Trump’s Upcoming New York Criminal Trial May Be Pushed Back
Manhattan District Attorney Alvin Bragg has agreed to a 30-day delay on Trump’s upcoming hush money trial in New York.
In a Thursday filing, Bragg wrote that his office had received “approximately 31,000 pages of additional records” from the US Attorney’s Office (USAO) and would “not oppose a brief adjournment of up to 30 days to permit sufficient time for defendant to review the USAO productions.”
Trump was indicted in March of last year on 34 felony charges related to the former president’s hush-money payment to adult film actress Stormy Daniels ahead of the 2016 election. The trial was originally scheduled to begin on March 25.
Bragg seemed to be ready to move forward with the historic prosecution of a former president. Last month, the DA requested that the court impose a gag order on Trump preventing him from speaking out against witnesses, investigators, jury members, and others involved in the criminal proceedings.
Prosecutors noted that the former president has a long track record publicly attacking his perceived enemies, and included a list of more than 80 documented threats against Bragg, members of his family, or other Manhattan officials since the former president’s indictment.
Trump — who is also facing multiple criminal cases outside of New York — has been working overtime to have the various prosecutions against him either delayed or thrown out.
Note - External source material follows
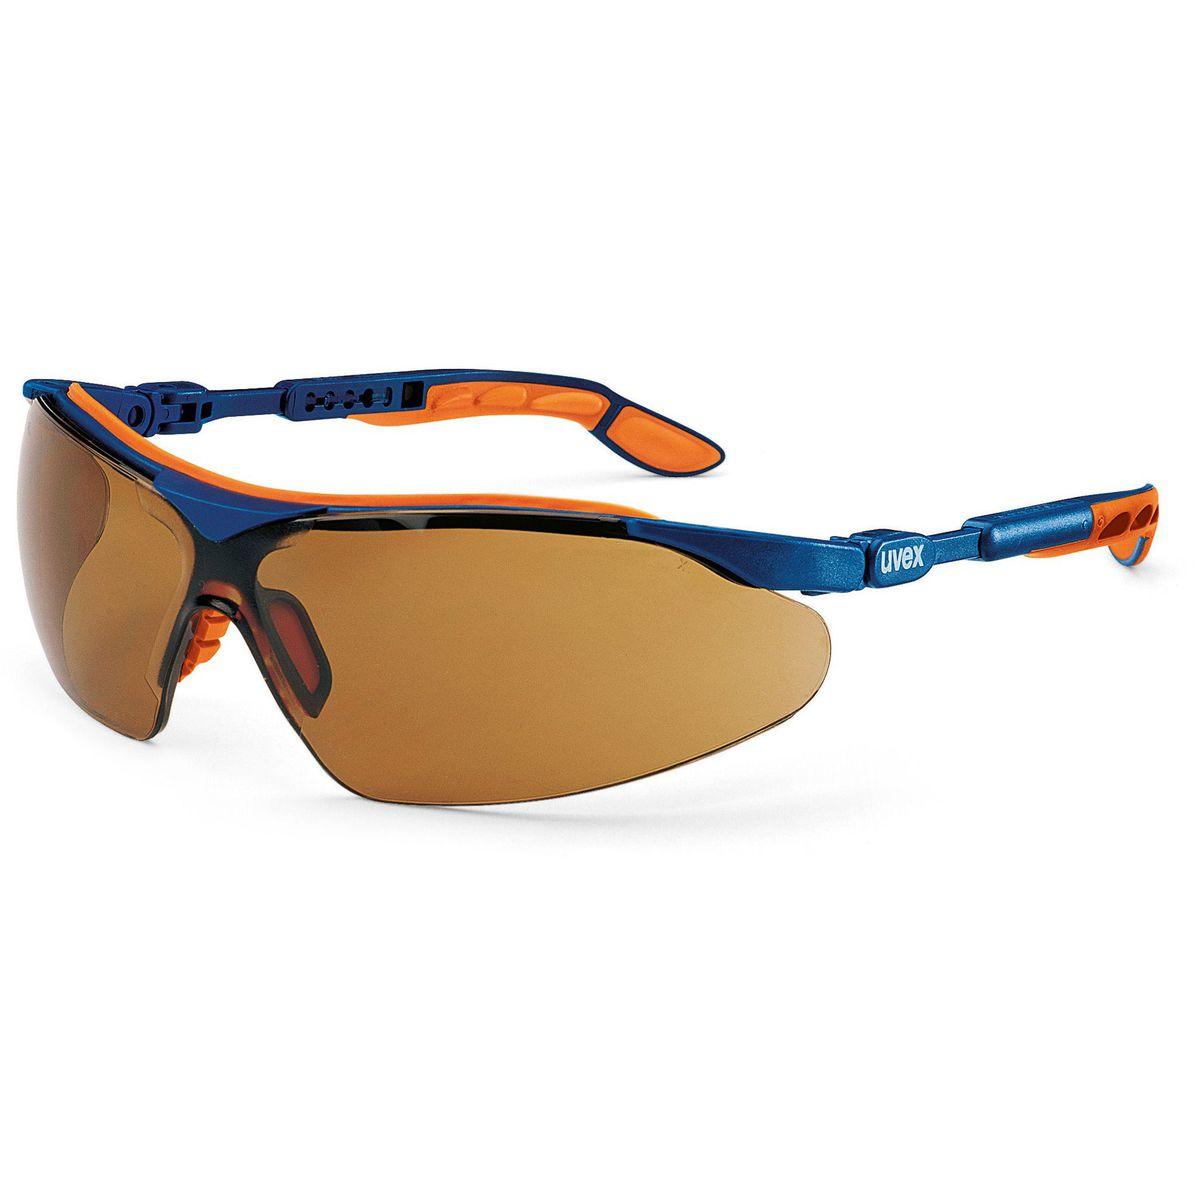 uvex i-vo Safety spectacles - Blue-Orange

On Thursday, a federal judge in Florida heard arguments in the former president’s bid to have the Justice Department’s classified documents case dismissed on grounds that his alleged mishandling of state secrets was protected under the Presidential Records Act.
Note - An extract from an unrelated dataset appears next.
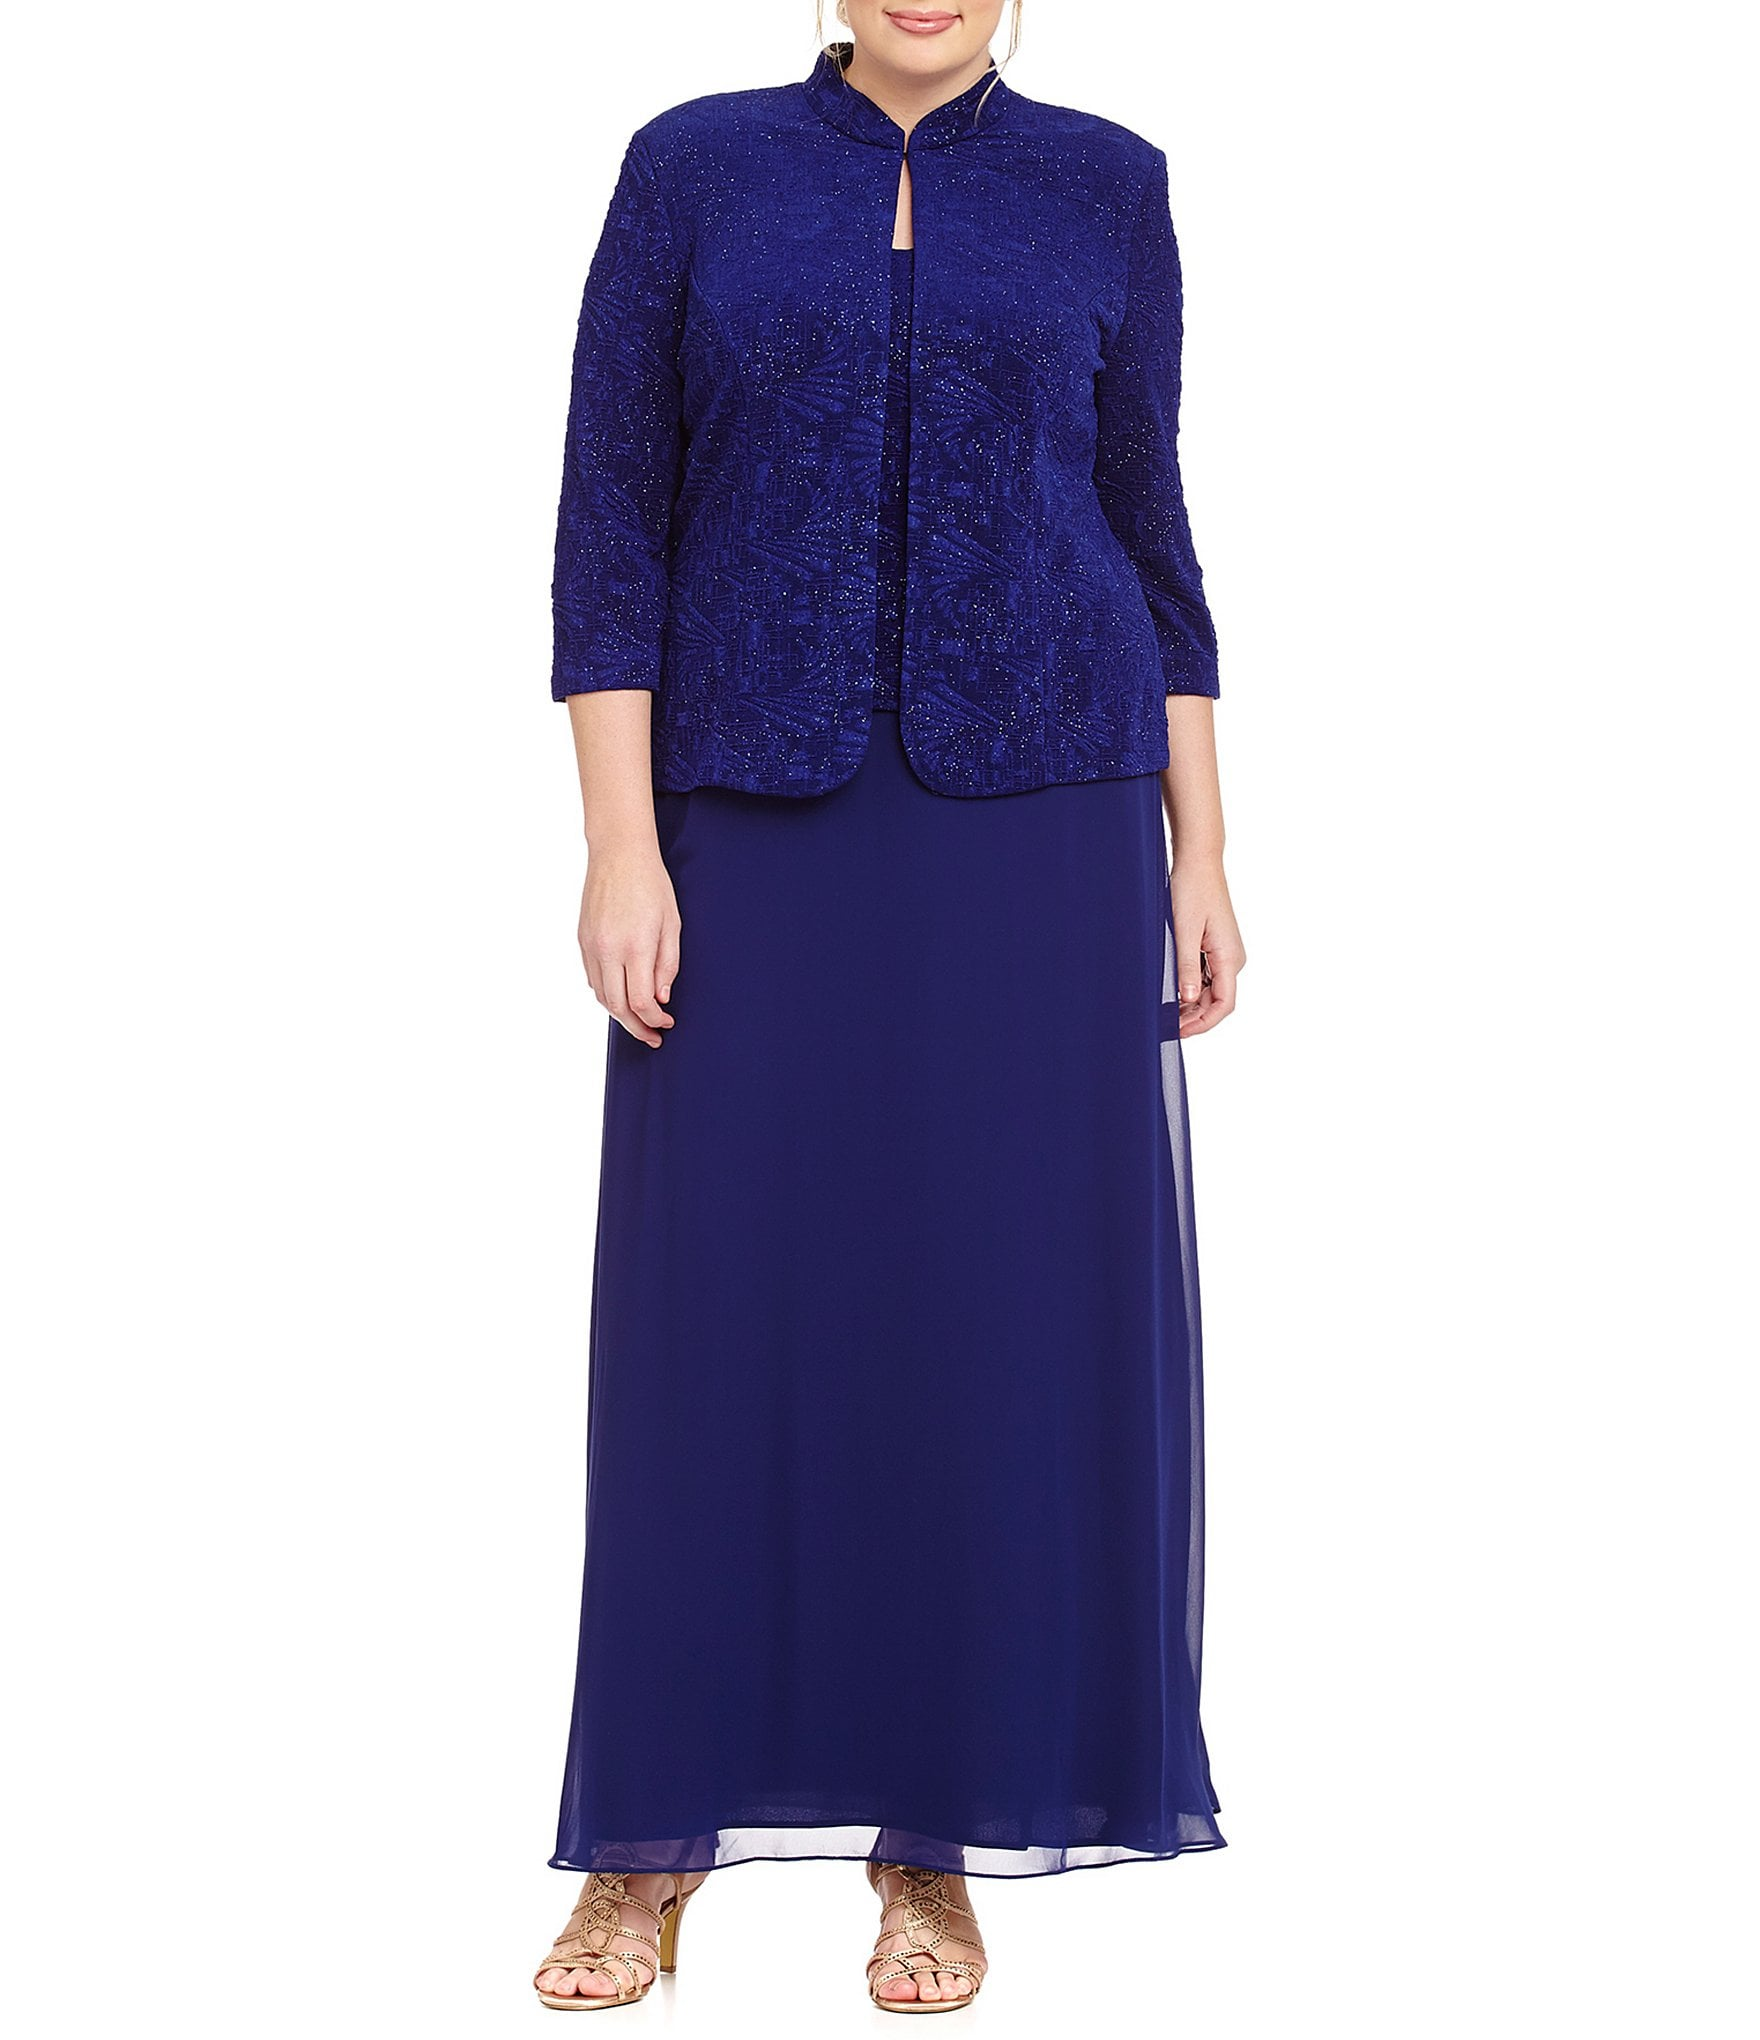 f9b16c4e9a4 Blue Plus-Size Special Occasion Jacket Dresses

In September, the former president claimed that he’s “allowed to do whatever” he wants during an interview with conservative radio personality Hugh Hewitt. The attitude of unchecked authority is what has guided the bulk of Trump’s legal arguments in the criminal cases against him. In January, his attorneys argued before D.C.’s Court of Appeals that the president should have virtually blanket immunity from prosecution over crimes committed while in office. They even went so far as to lay out that — under their interpretation of the law — a president could only be tried for ordering the assassination of a political opponent if he was first impeached by Congress.
Trump plans to blame his lawyers in the hush money case. In a court filing released earlier this week, Trump’s current attorneys wrote that “President Trump intends to elicit evidence concerning the presence, involvement and advice of lawyers in relevant events giving rise to the charges in the Indictment.”
Given that many of the lawyers and sycophants Trump surrounded himself with during his presidency have also ended up as defendants in criminal cases, it’s likely that such a strategy will result in plenty of finger-pointing between the former president and his former allies.